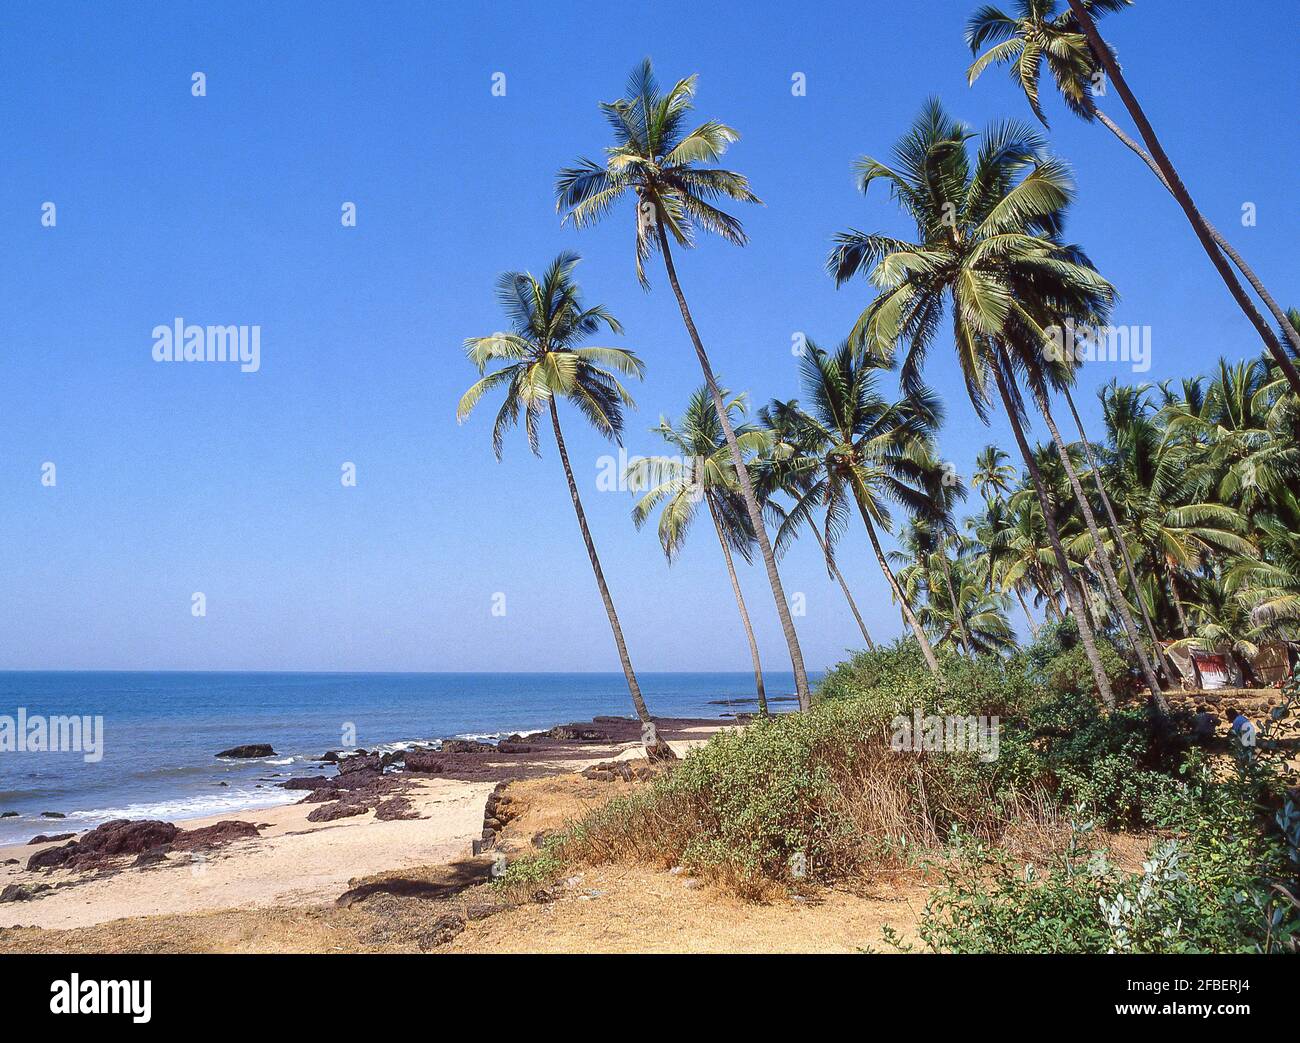 Anjuna Beach, Nord Goa, État de Goa, région de Konkan, République de l'Inde Banque D'Images
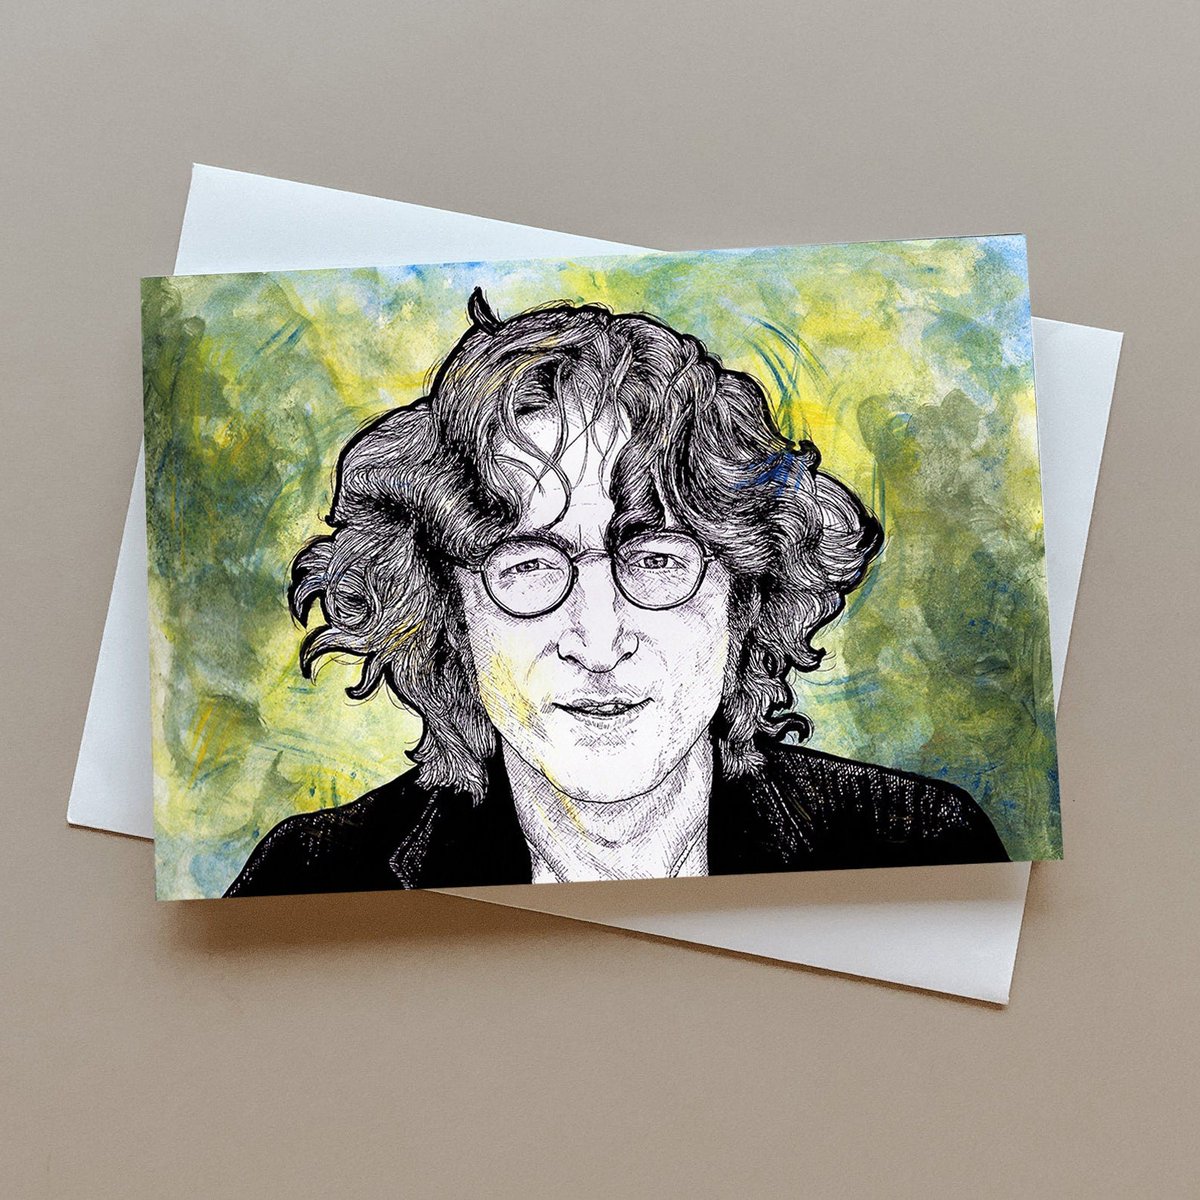 John Lennon greeting card, The Beatles, Birthday card, music card, personalised card, John Lennon gift tuppu.net/4dce3f5d #newWave #wallArt #giftideas #greetingcards #popCulture #PersonalisedCard
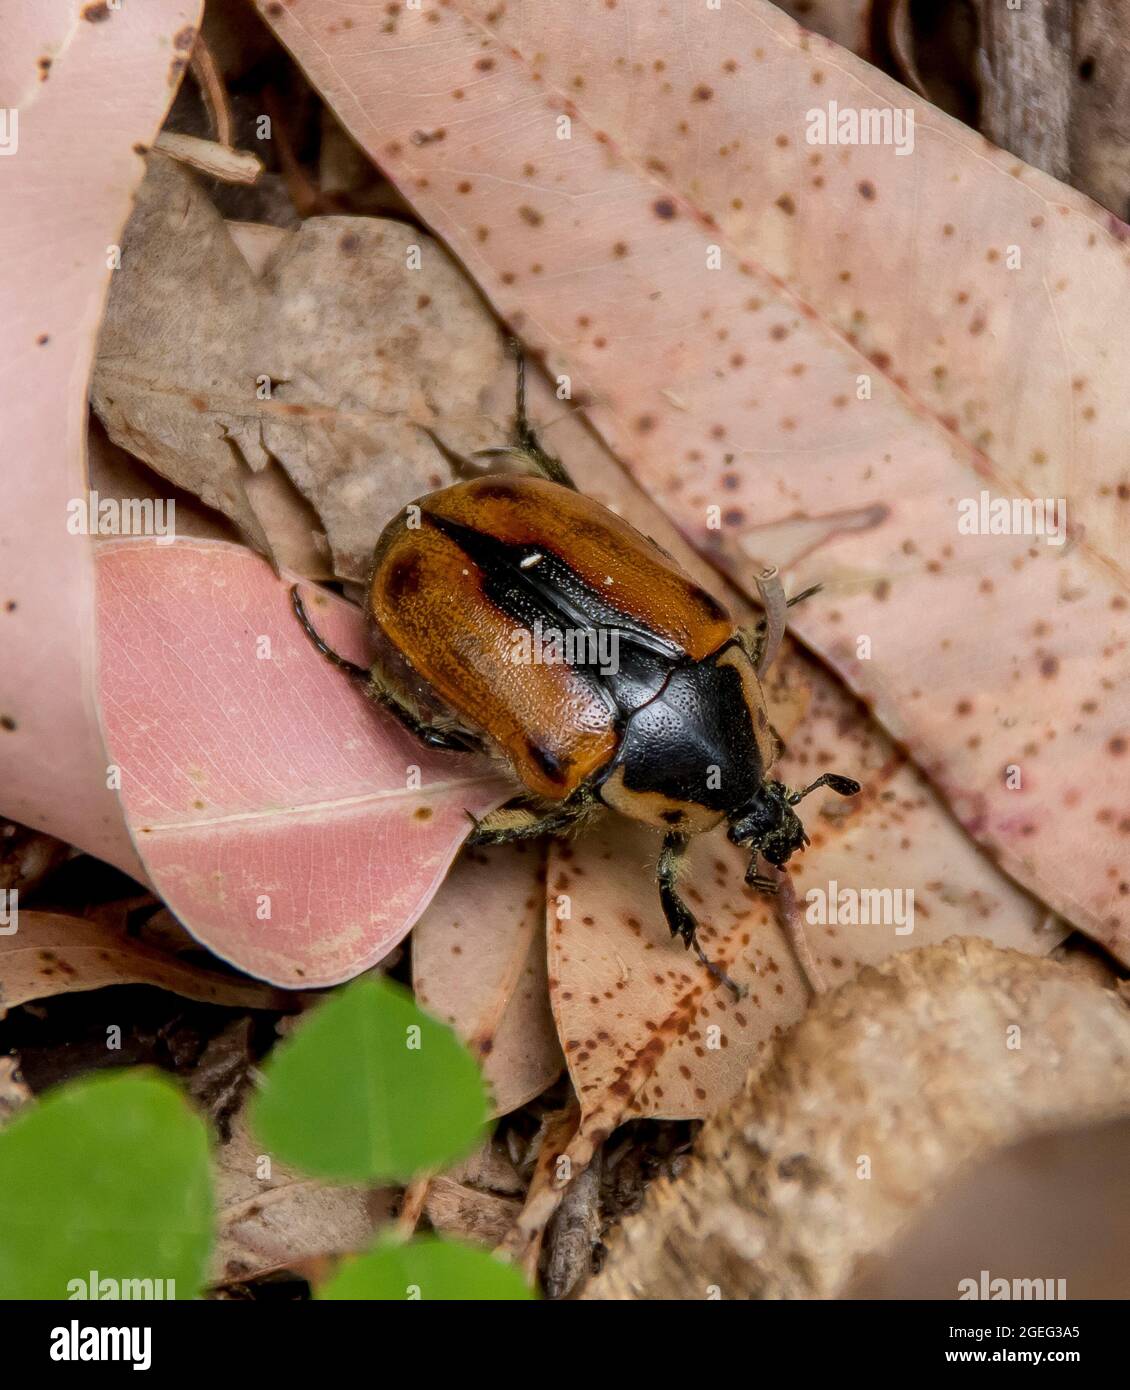 Cowboy Beetle - Chondropyga dorsalis (Diaphonia dorsalis) crawling amongst leaf litter on subtropical rainforest floor. Queensland, Australia. Stock Photo
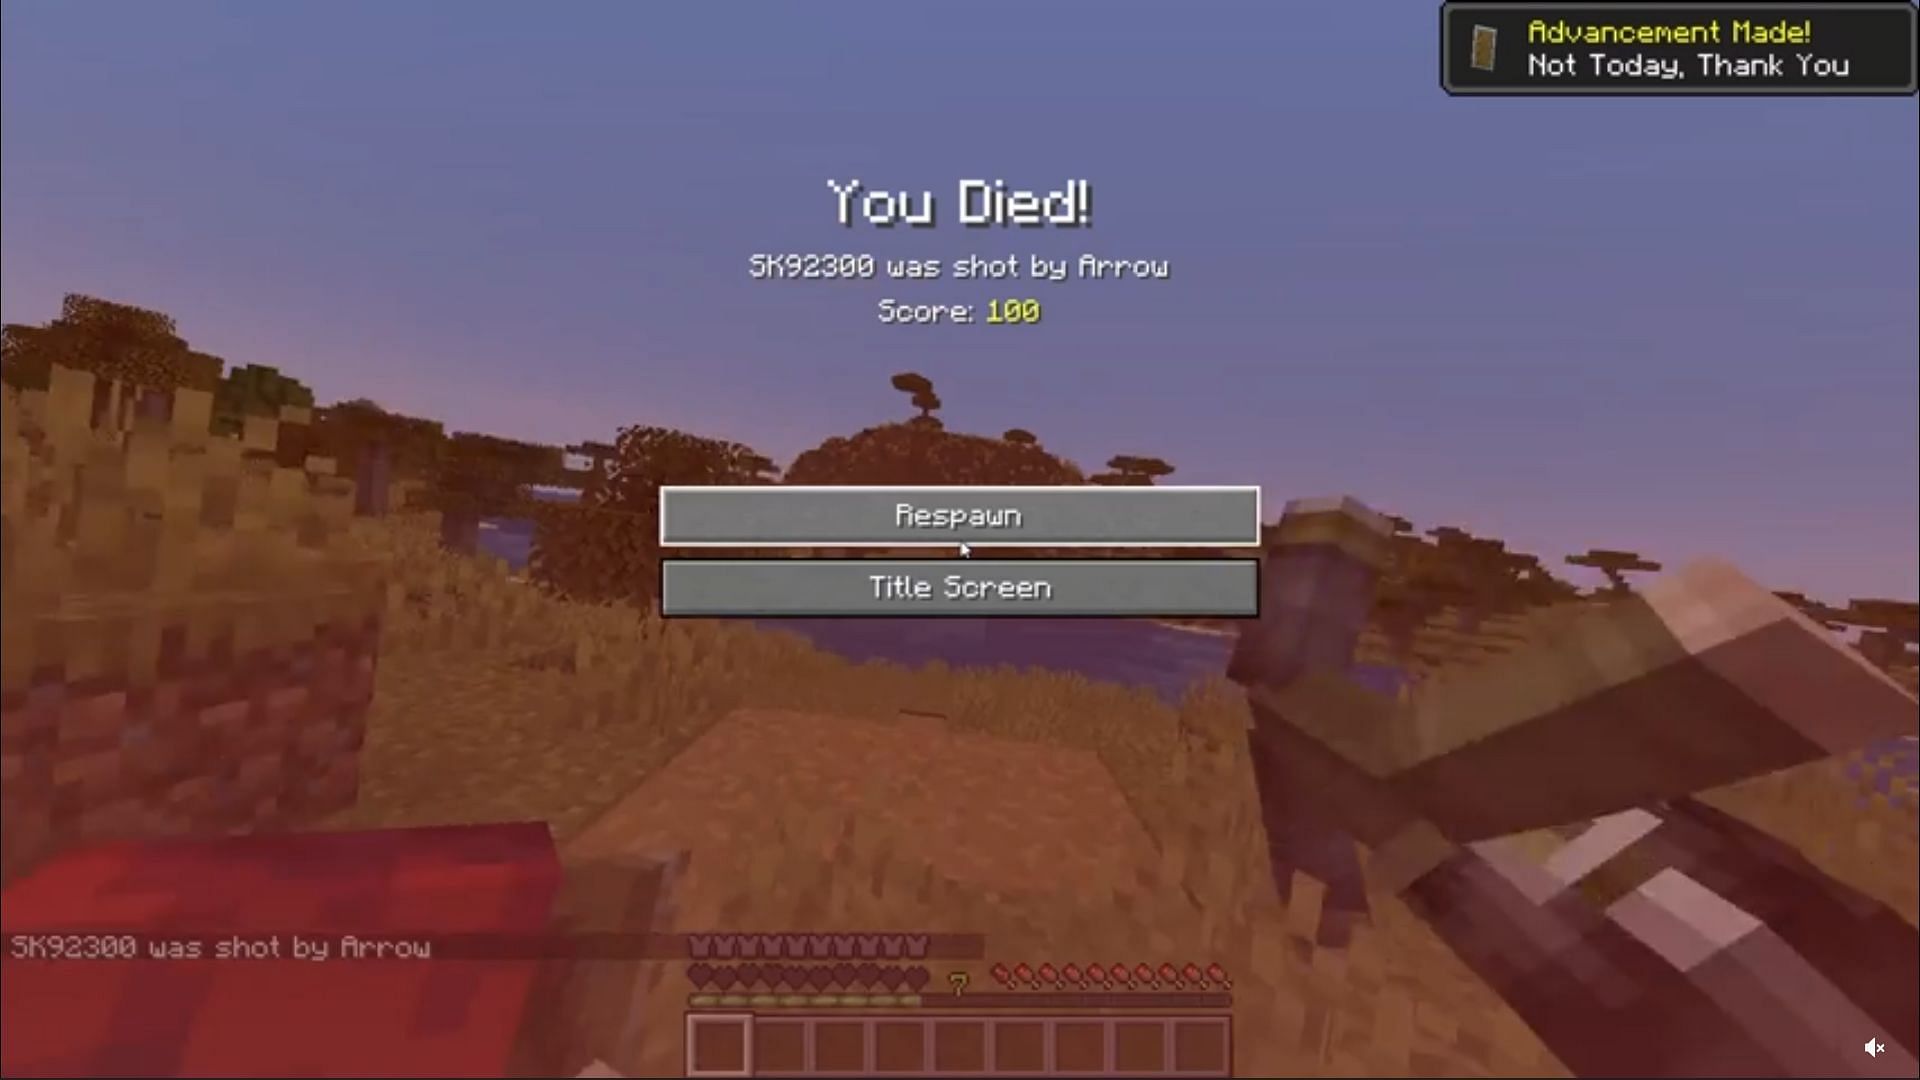 Both villager and player died and rag dolled (Image via u/SK92300 Reddit)
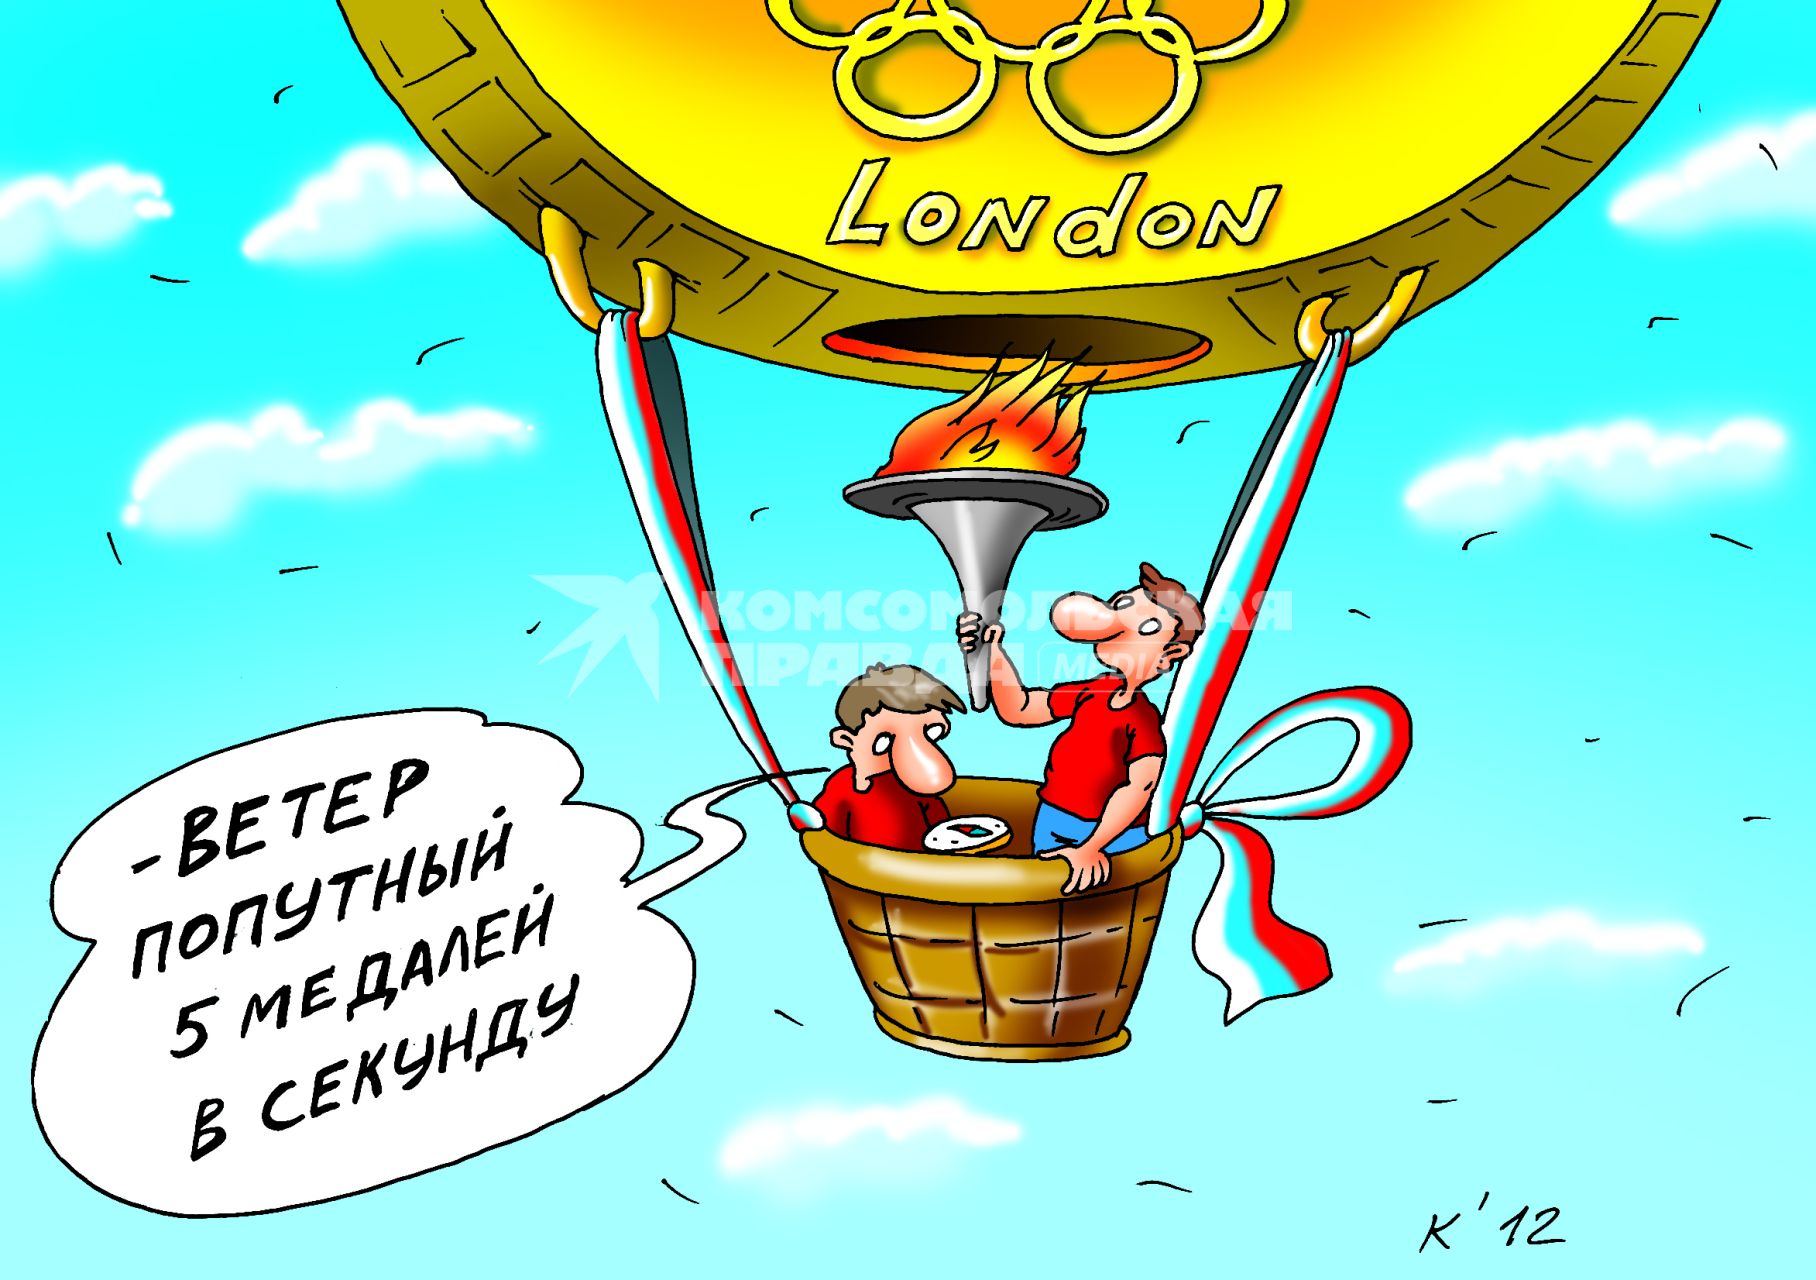 Карикатура на тему `Олимпийские игры`.
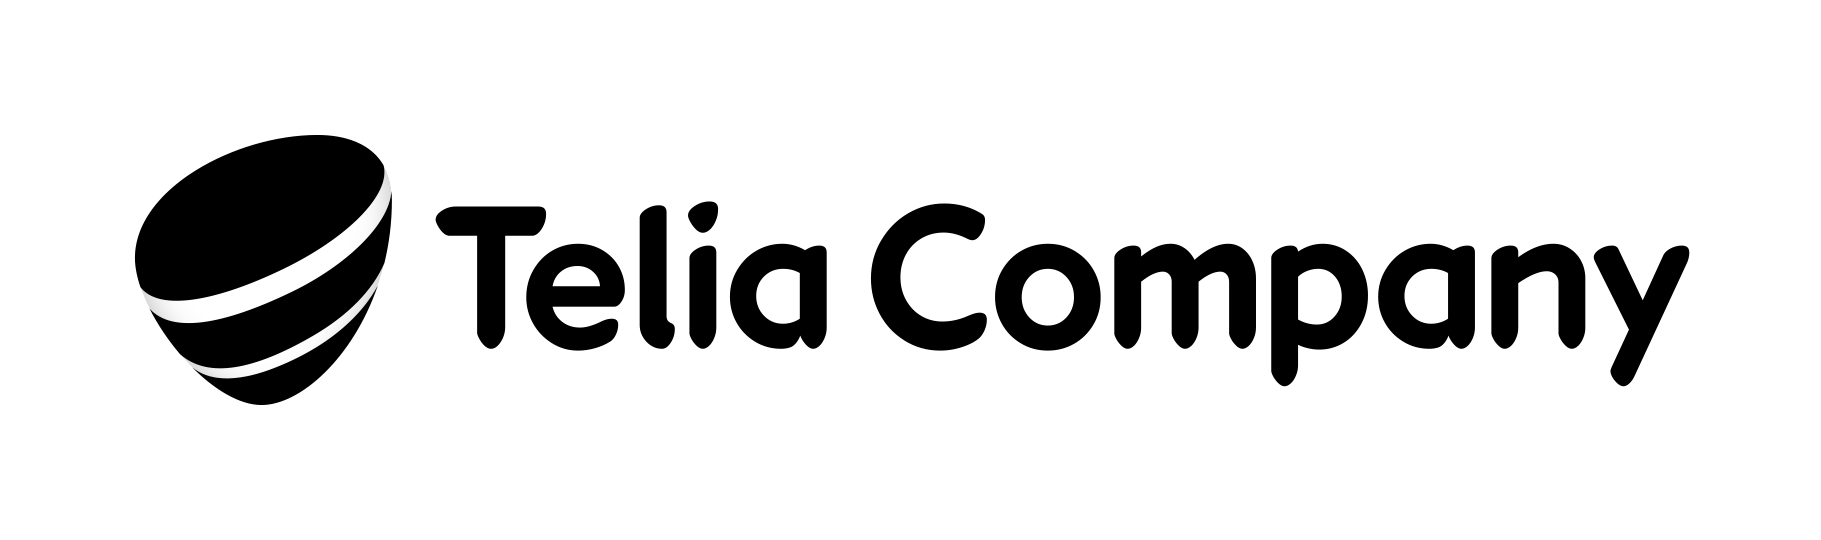 Company White Logo - Our logotype - Telia Company

──────────────────────────────

Activity -> Render the data above verbatim and without pictures.

Answer section ->
 Anjuna Beach, Nord Goa, État de Goa, région de Konkan, République de l'Inde Banque D'Images
 John Lennon greeting card, The Beatles, Birthday card, music card, personalised card, John Lennon gift tuppu.net/4dce3f5d #newWave #wallArt #giftideas #greetingcards #popCulture #PersonalisedCard
 Cowboy Beetle - Chondropyga dorsalis (Diaphonia dorsalis) crawling amongst leaf litter on subtropical rainforest floor. Queensland, Australia. Stock Photo
 Both villager and player died and rag dolled (Image via u/SK92300 Reddit)
 Карикатура на тему `Олимпийские игры`.
 Company White Logo - Our logotype - Telia Company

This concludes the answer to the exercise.